Currently, EVS Water operates only in Amazon Web Services (AWS) infrastructure, as it is tightly coupled to AWS capabilities for machine learning and data science. There are some possibilities for hosting some data locally, but these are highly dependent on specific project requirements, would be considered and would need to be discussed with our data management team.
EVS Water uses recurrent neural networks (RNN) powered by TensorFlow and Keras to calibrate models around a deterministic baseline. These tools have been chosen as they are widely accepted frameworks for applying RNN to challenges requiring identification of patterns in complex data sets. These frameworks are production-focused and integrated into the source code to enable accurate forecasts for EVS Water applications and allow for relatively rapid implementation and processing times. Input features to the RNN may include Feed/Coagulation pH, DOC, UV254, Temperature, Feed/Lamella Overflow Turbidity and coagulant dose, using both existing and a vendor installed instruments.
Sorption Capacity used in the deterministic model is also further calibrated by this RNN model to site specific conditions. The detailed design of the RNN models is developed as a result of close engagement with the customer and site personnel and depends on the design of the plant and available monitoring data.
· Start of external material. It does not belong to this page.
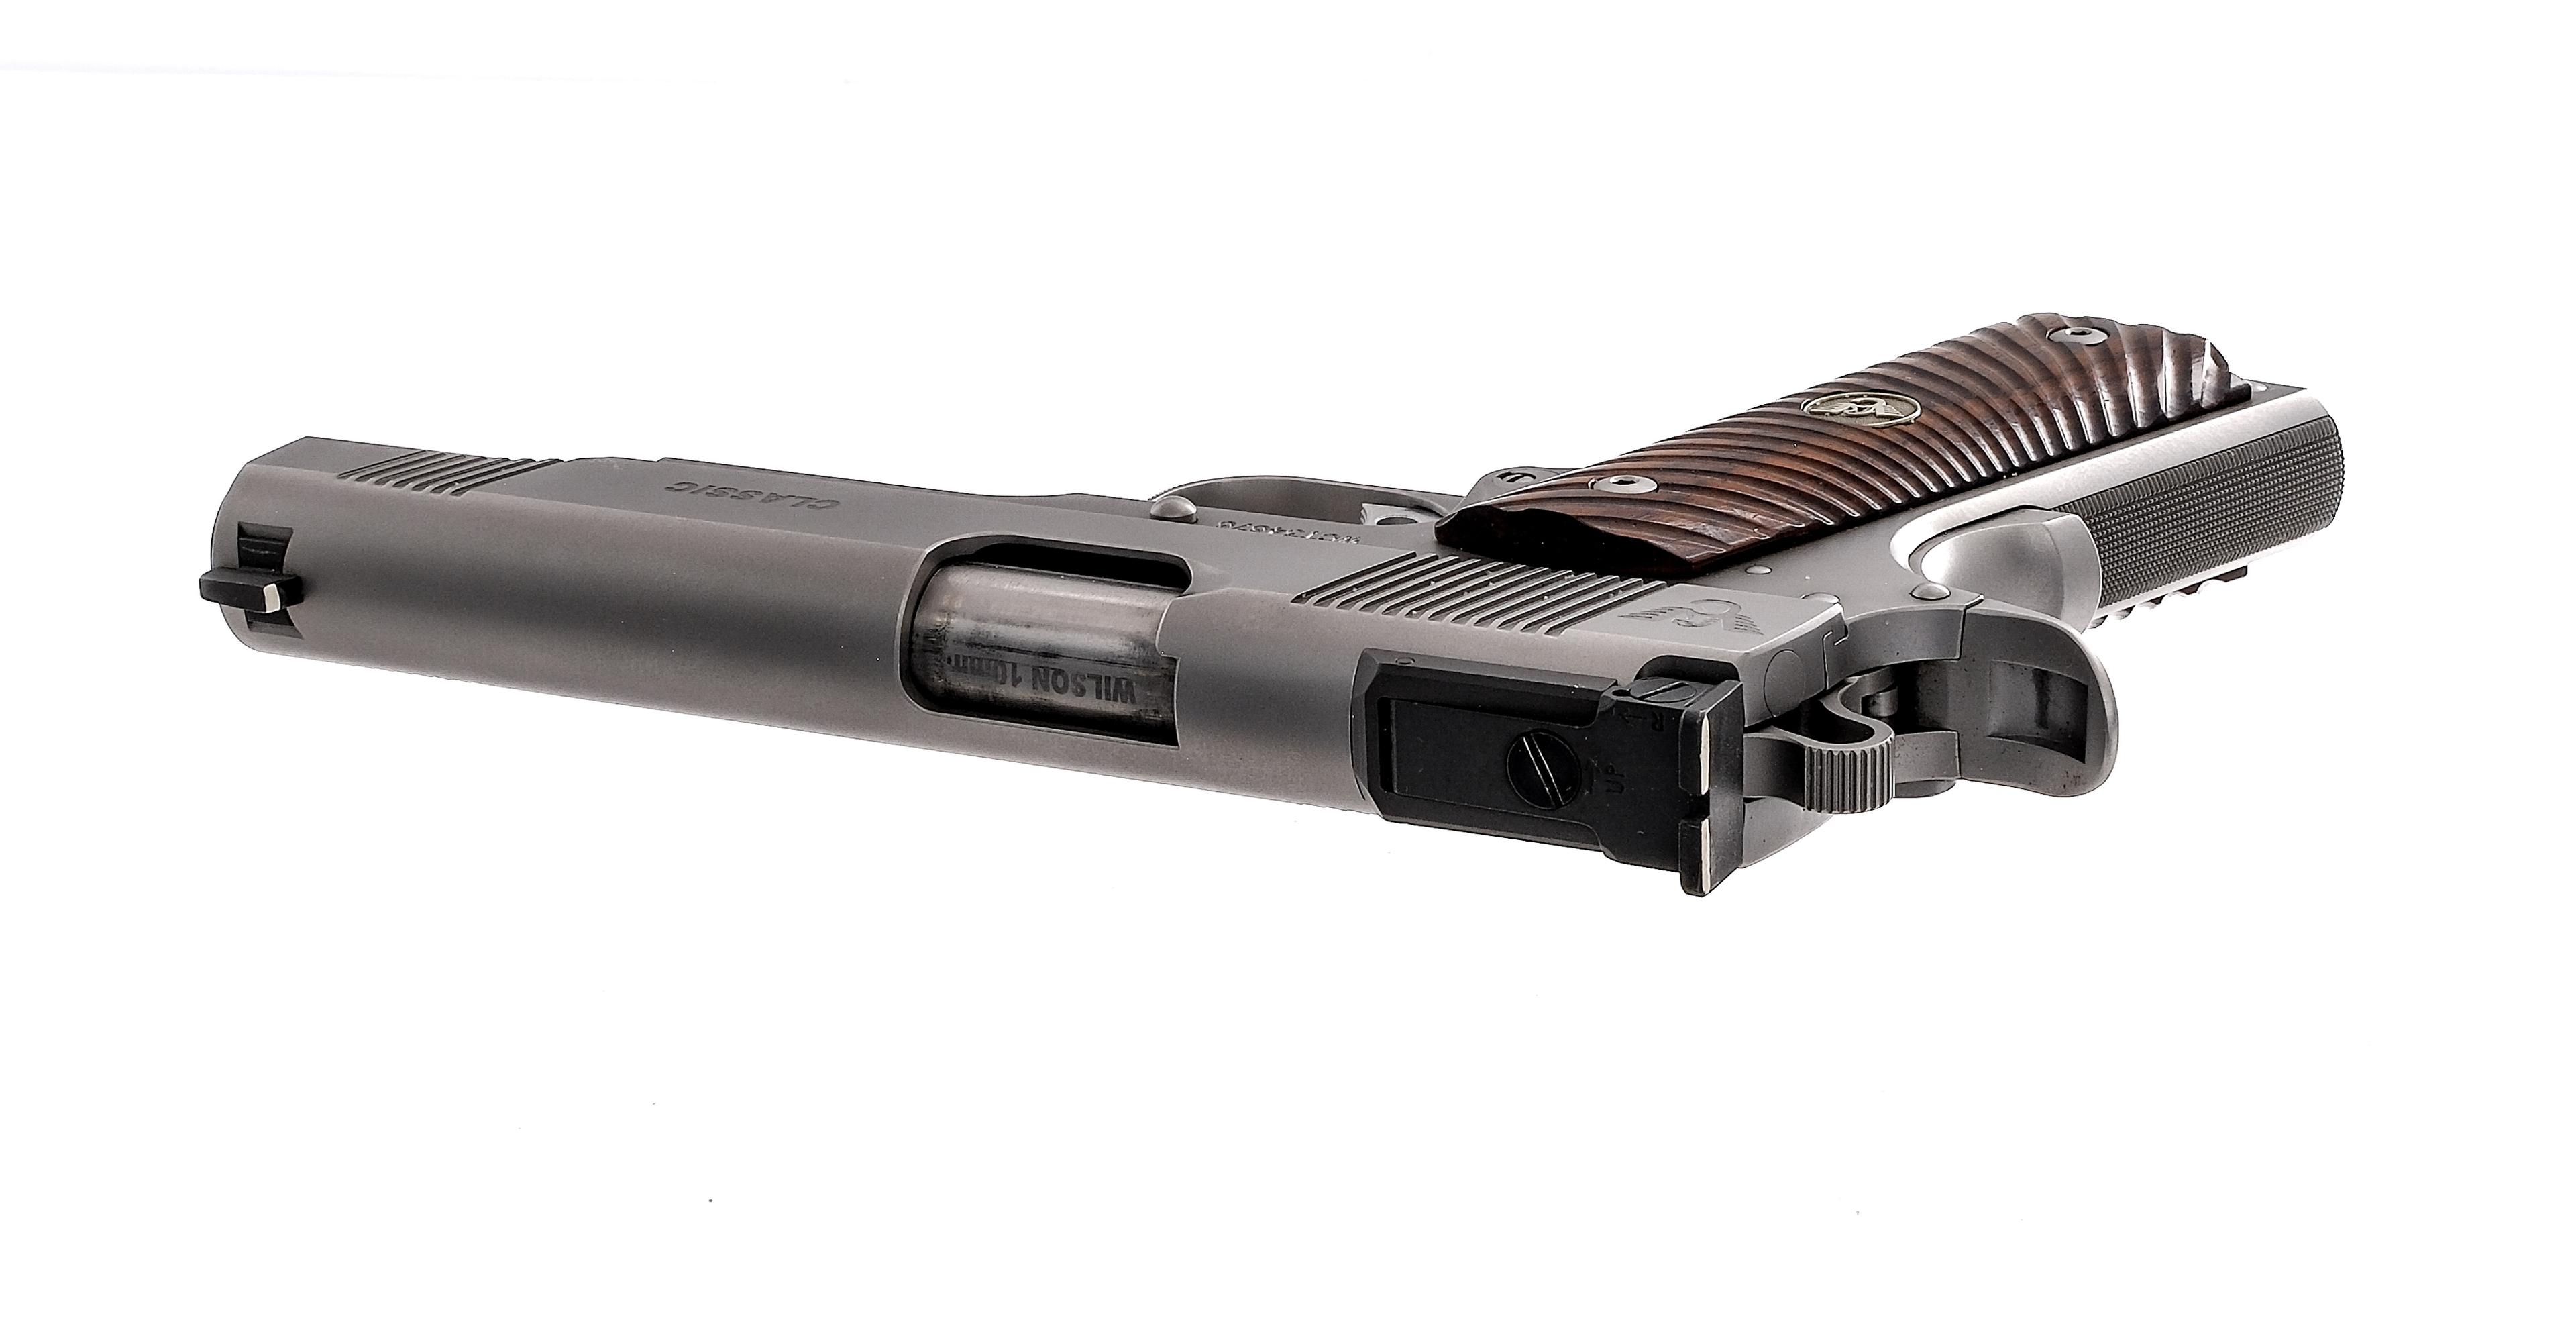 Wilson Combat Classic 10mm Semi Auto Pistol

We use a procedure for forecasting time series data based on an additive model where non-linear trends are fit with yearly, weekly, and daily seasonality, plus holiday effects. It works best with time series that have strong seasonal effects and several seasons of historical data. It is also robust to missing data and shifts in the trend, and typically handles outliers well.
The deterministic baseline for coagulation recommendations are based on a number of key models including a modified version of the Edwards (1997) Langmuir based coagulation model which is developed specifically for representing enhanced coagulation using aluminium and ferric salt based coagulants, considered the most accurate of the available models for DOC removal during coagulation (Tseng and Edwards, 1999).
The key inputs for this model are feed DOC [mg/L] and feed/coagulation pH which lead to a prediction of coagulant dose [mg/L], based on a recent inorganic analysis or online alkalinity measurement if available.
PIDs, PFDs, monitoring points, representative monitoring data, dosing locations, equipment datasheets will be required to be shared at the start of the project. Data for nominated monitoring points will need to be shared at least daily during the operational phase of the project with protocols agreed at the start of the project.
To facilitate an evaluation of financial benefits, average unit cost of chemicals, electricity consumption, solid waste disposal and labour cost for the plant will be requested at the start of the project.